Camira’s ‘Style with Substance’ publications outline their in-depth reasoning for selecting wool as their fibre of choice, these include wool’s prominent performance and environmental benefits, making it clear to me that at the core of their textile development is their understanding of materials. Camira’s spinning facility has enabled them to develop innovative yarn blends starting in 2005 with a four year research and development project on bast fibre fabrics in partnership with De Montford University which resulted in the launch of Sting, which is woven from a blend of wool and nettles. Other materials utilised within bast fibre fabrics include flax, jute and hemp. I was fascinated to learn that Camira grew their own hemp in Leicestershire; a further example of the company’s commitment to being in control of every element of their manufacturing process.

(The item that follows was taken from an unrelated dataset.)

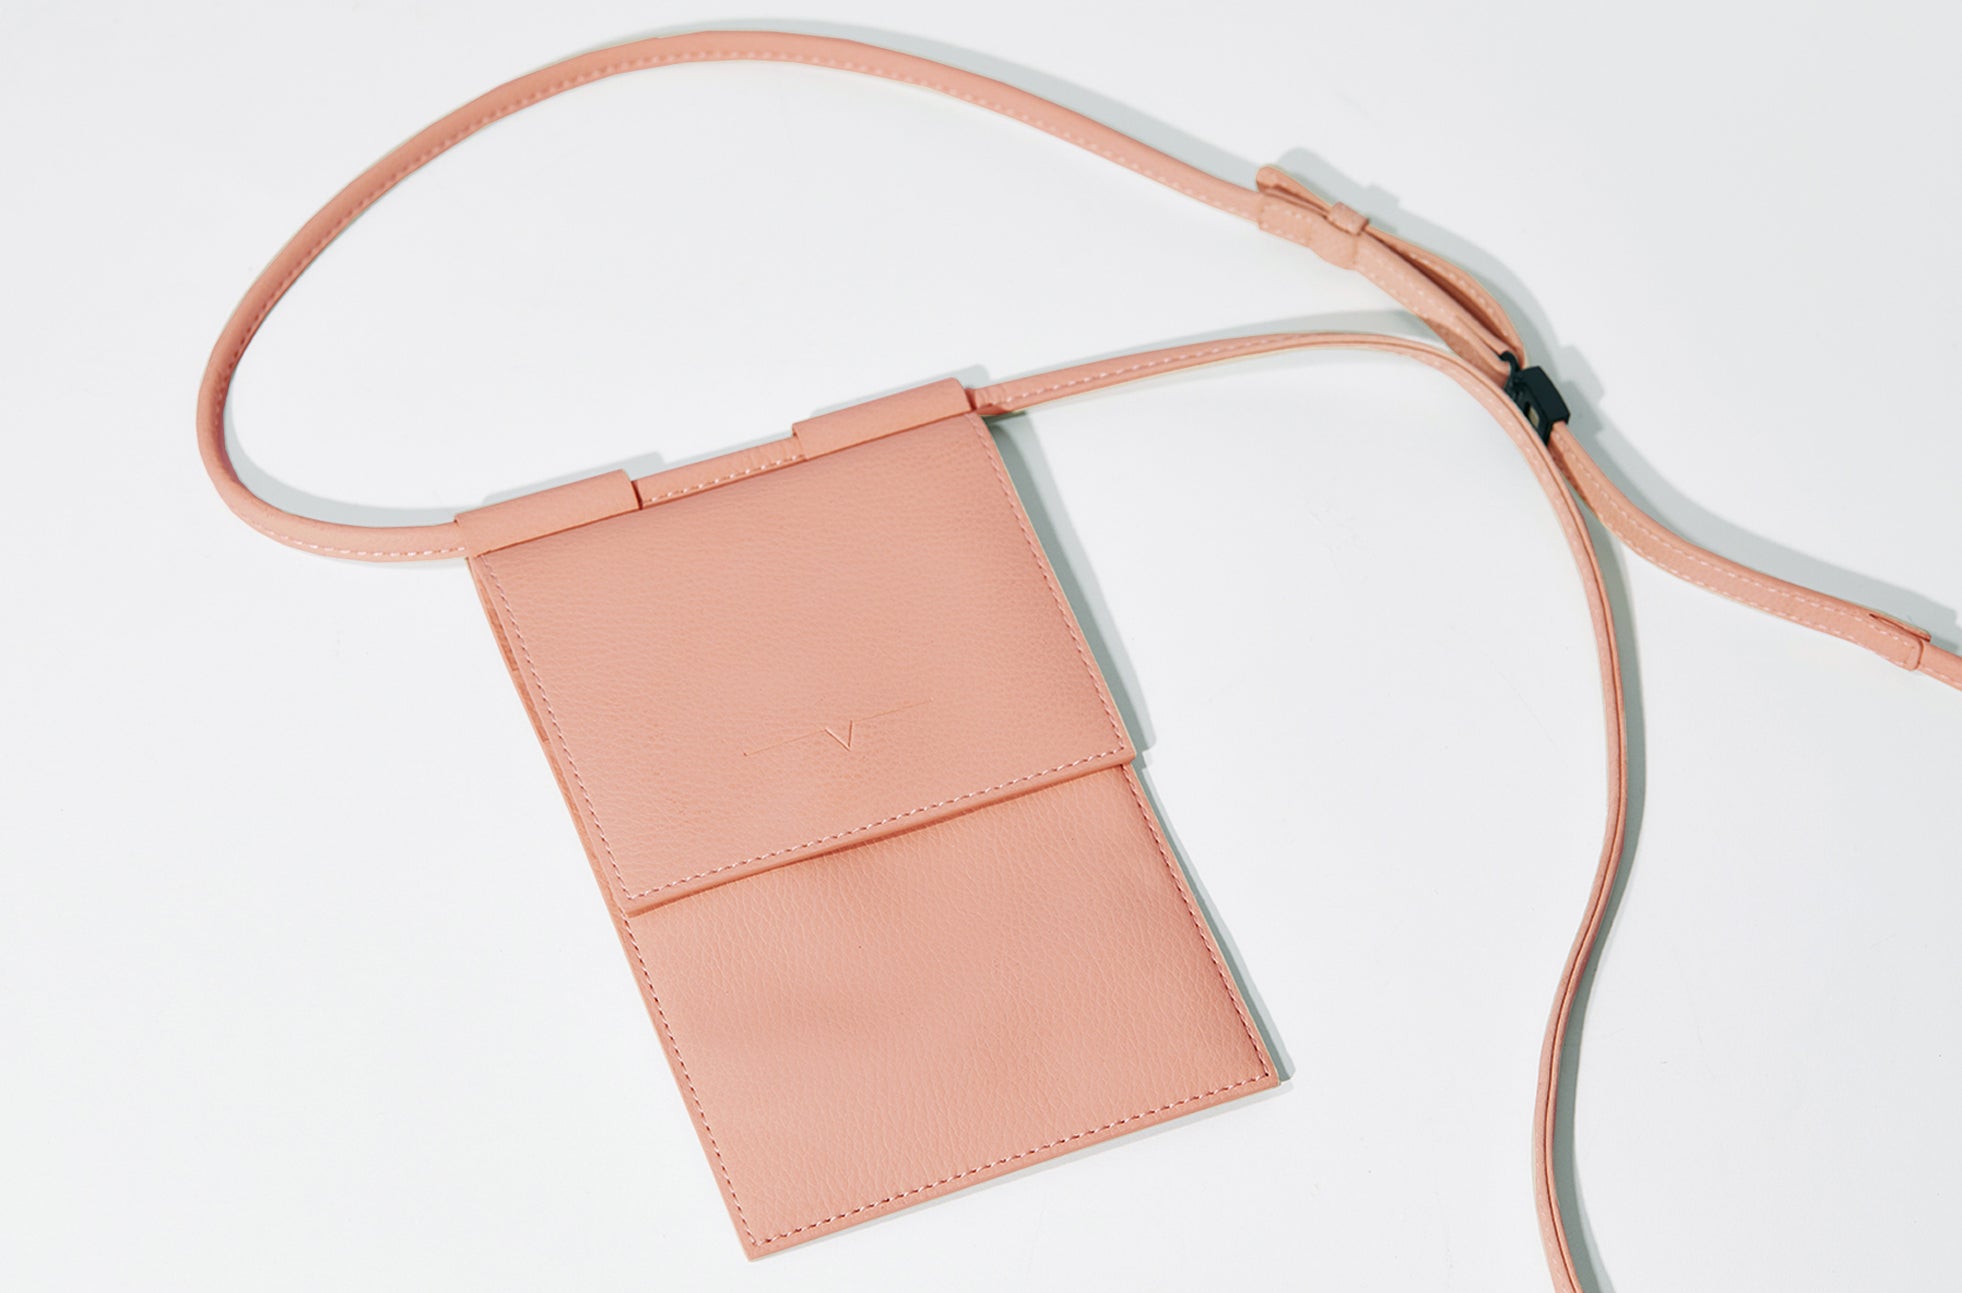 The Micro Bag in Technik in Blush image 
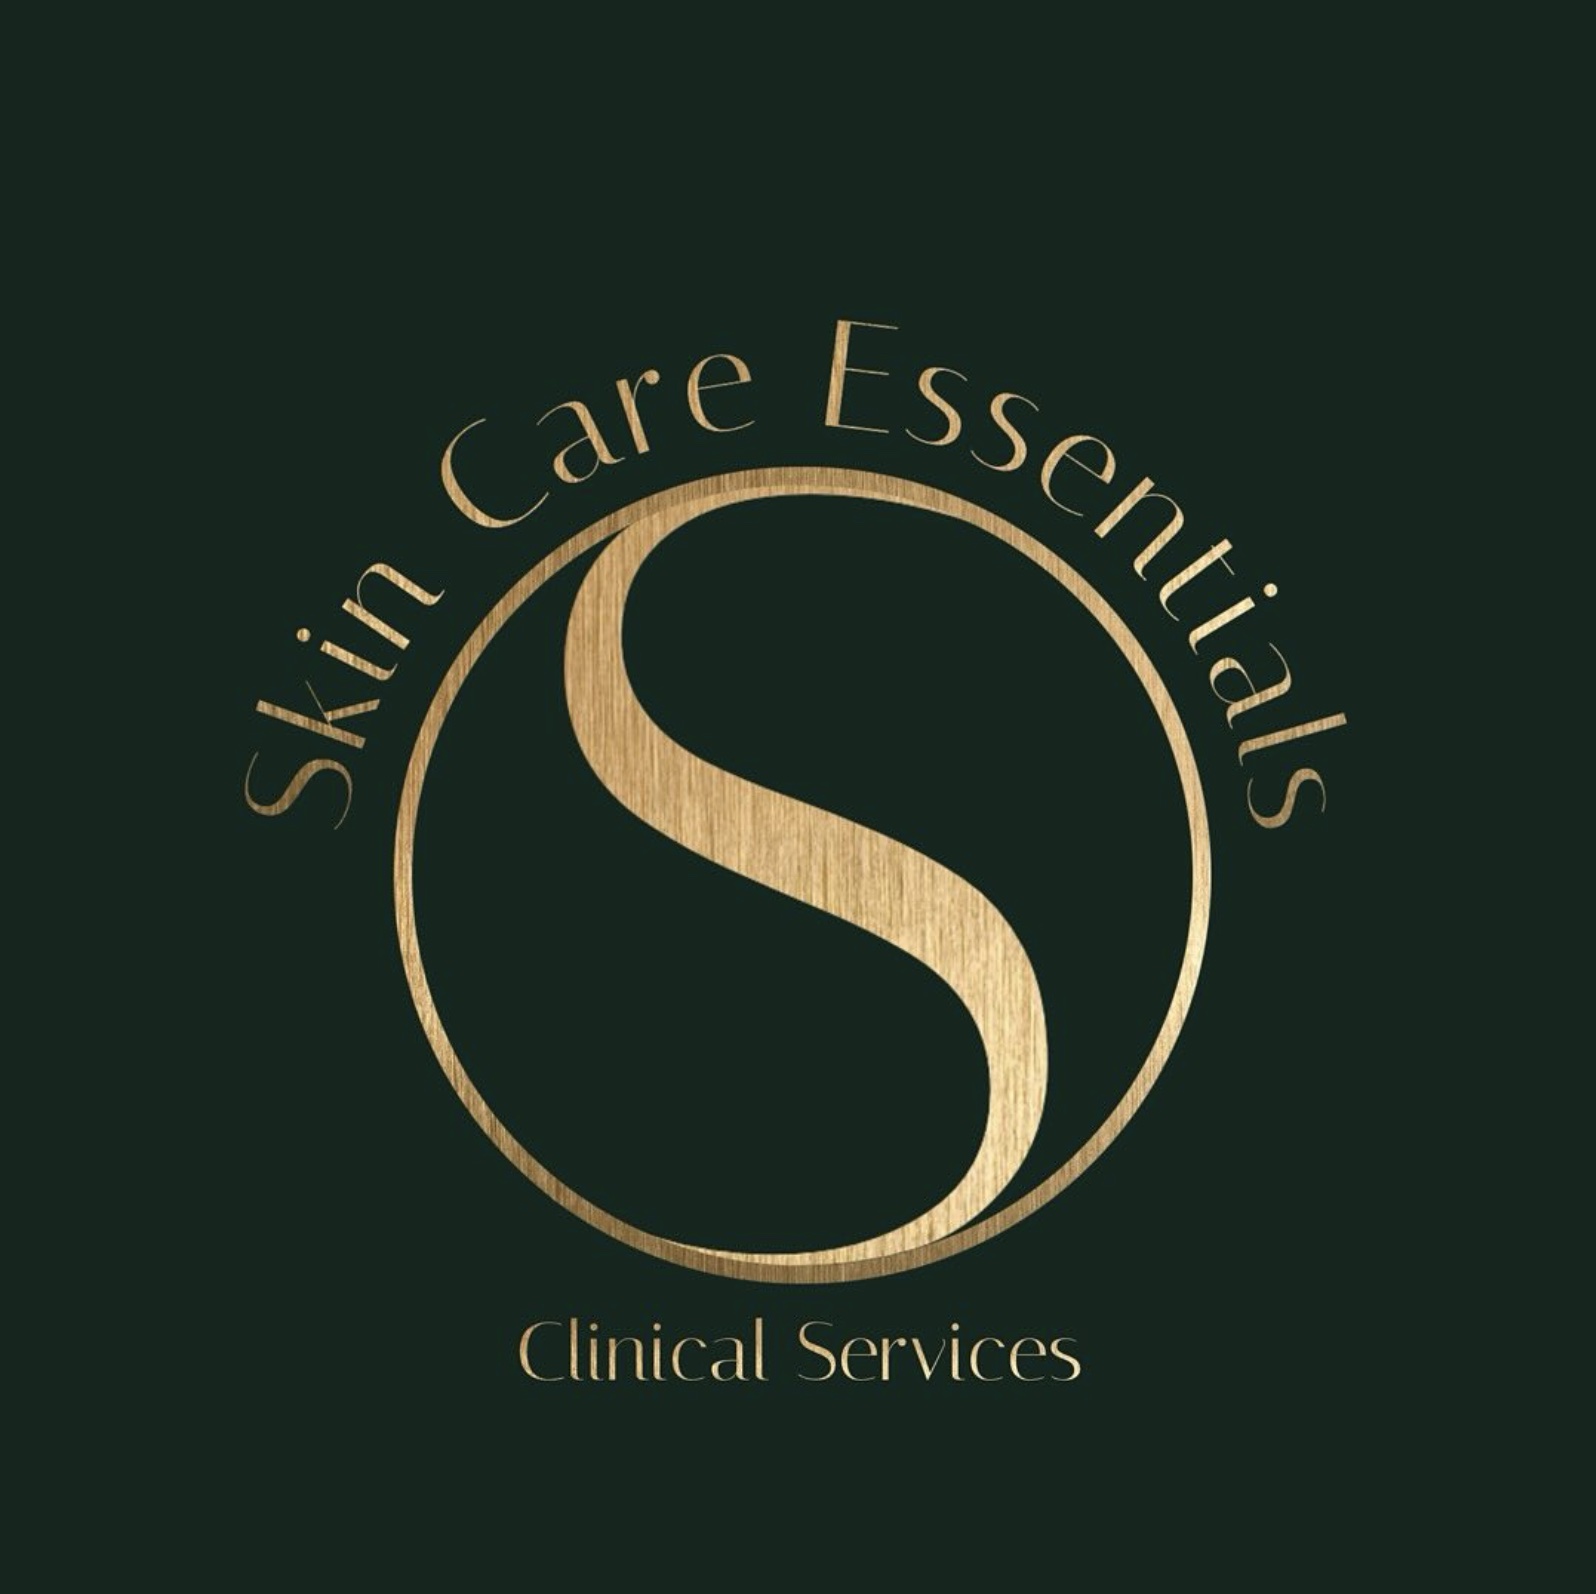 skincare-essentials-logo-clinical-services

Camira’s extensive knowledge of the production of virgin materials is called upon when there is a demand for properties which cannot be provided by wool and bast fibres. Their understanding of polyester has enabled them to develop specific polyester collections, maximising on the material’s recyclable properties within a closed loop system, water resistance and flame retardancy whilst reducing the environmental impact. The X2 collection is Camira’s first closed loop collection, Paul explained: ‘In 2012 we worked closely with our polyester yarn supplier to return waste polyester yarn and woven selvedges to be re-extruded and then woven into fabrics with 25% “closed loop” content…The first product to incorporate this “closed-loop” recycled content was X2, a mélange effect version of our already recycled Xtreme range.’
“Currently 61% of the products manufactured at Camira’s main UK site are from natural or recycled raw materials”
Currently 61% of the products manufactured at Camira’s main UK site are from natural or recycled raw materials. When discussing the company’s focus on innovation, Paul concluded that ‘Product development combines with process improvement and supply chain integrity to create a powerful environmental proposition for key target stakeholders.’
Camira communicate their environmental credentials widely outside of their company, Jennifer explained the importance of communicating their credentials and the benefits to their customers, ‘Environmental angles are a point of differentiation not just for Camira, but our direct furniture manufacturer customers who leverage some of their unique selling points. Many manufacturers operate their own stringent environmental sourcing principles. Certain end-user clients likewise demand transparency and best practice, public sector tenders frequently require specific environmental standards, while interior specifiers sometimes push environmental fabrics through their own choice or due to client briefs.’
Camira’s moral ethos has been demonstrated through the implementation of their 2012-2015 strategy; their goals have been communicated throughout their business and to their customers, and in turn their achievements have been recognised at the highest level through The Queen’s Award for Enterprise: Sustainable Development. Perhaps we will see Camira leading the way in reaching ‘net zero emissions’, which experts say is required in order to achieve the COP21 pledge; I am certainly confident that Camira have shown us a model to replicate for sustainable UK manufacturing.